Endovascular Management of Chronic Total Occlusions
of the Inferior Vena Cava
Erin H. Murphy MD, Blake Johns, Elliot Varney, Seshadri Raju MD.
Percutaneous recanalization and stenting is currently the standard of surgical care for symptomatic chronic total occlusions of the iliofemoral veins. Occlusions involving the inferior vena cava present a more complex patient subset. In this series we describe our large volume single-center experience.
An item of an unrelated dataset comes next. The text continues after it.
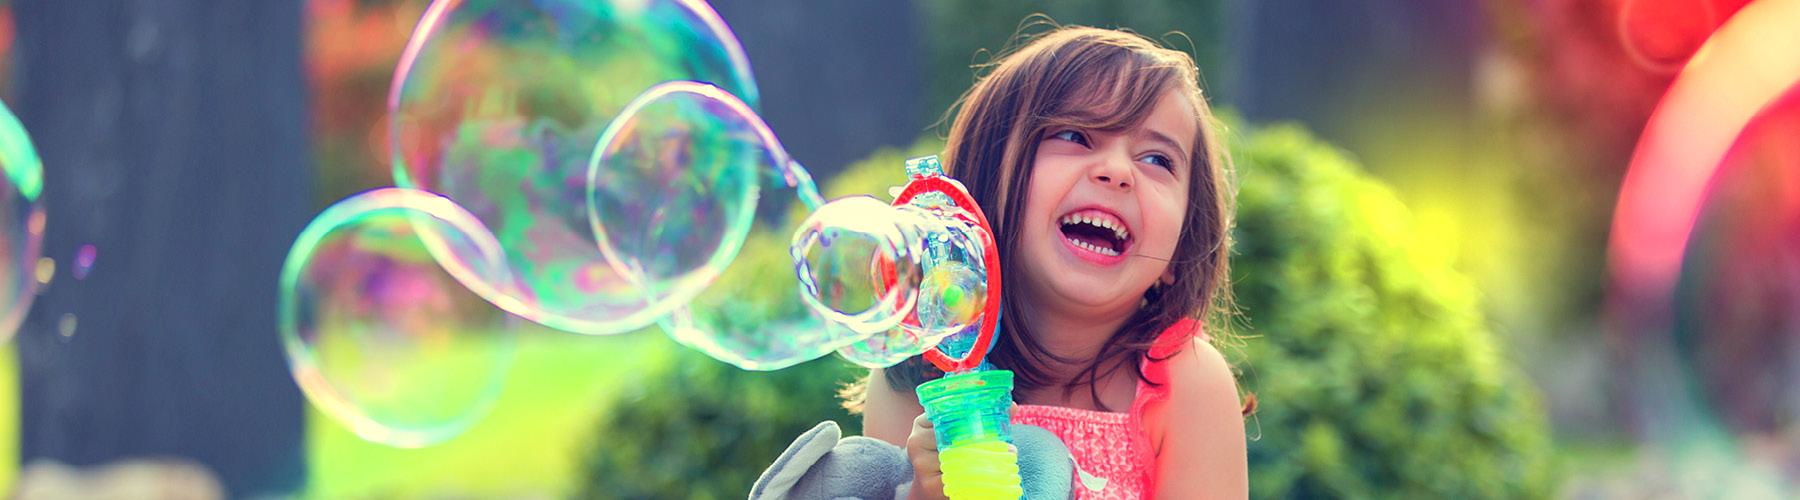 فوق تخصص آلرژی و ایمونولوژی کودکان

Patients were evaluated with duplex ultrasound, venous function tests and venography prior to intervention. Occluded segments were recanalized, balloon dilated and stented. Modifications of the basic stent technique were employed over time and modified to accommodate the iliocaval junction, presence of IVC filters, and lesions extending to the renal veins and atrium.
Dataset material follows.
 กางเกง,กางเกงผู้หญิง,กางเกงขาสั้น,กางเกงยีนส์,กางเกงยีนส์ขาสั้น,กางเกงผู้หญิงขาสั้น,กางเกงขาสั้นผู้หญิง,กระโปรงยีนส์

Between November 2000 and August 2015, 68 patients underwent IVC endovascular recanalization procedures for symptomatic chronic IVC occlusions. Patients had a male predominance (n=40, 58.9%) and an average age of 51 years (range: 23-77). Underlying contributing factors for venous occlusion included: inferior vena cava filter occlusion (n=36, 52.9%), caval ligation/clipping (n=4, 5.8%), hypercoagulable disorder (n=21, 30.8%). Technical success rate was 91.2% (n=62). The proximal extent of the stents were infrarenal (n=43, 63.2%), suprarenal (n=11, 16.2%), or intrathoracic (n=8, 11.8%). There was minimal perioperative morbidity (hematoma n=1), and no postoperative mortality. Average follow-up was 48.0±43.3 (range: 6-172) months. Primary, primary assisted and secondary patency rates at 42 months were 74%, 80% and 100%. Significant improvement in pain and swelling was seen in 92% and 77%. Complete relief of pain and swelling was 63% and 36% respectively. Ulcers were present in 13 patients and completely healed in 9 (69%) after recanalization. The venous clinical severity score was 7.85±4.7 (range: 4-27) before intervention and 3.9±3.2 (range: 0-14) after intervention (p<0.001).
Endovascular management of chronic IVC occlusions can be performed with minimal morbidity and mortality in this technically complex patient population. When successful, symptoms are universally improved and patency rates are acceptable.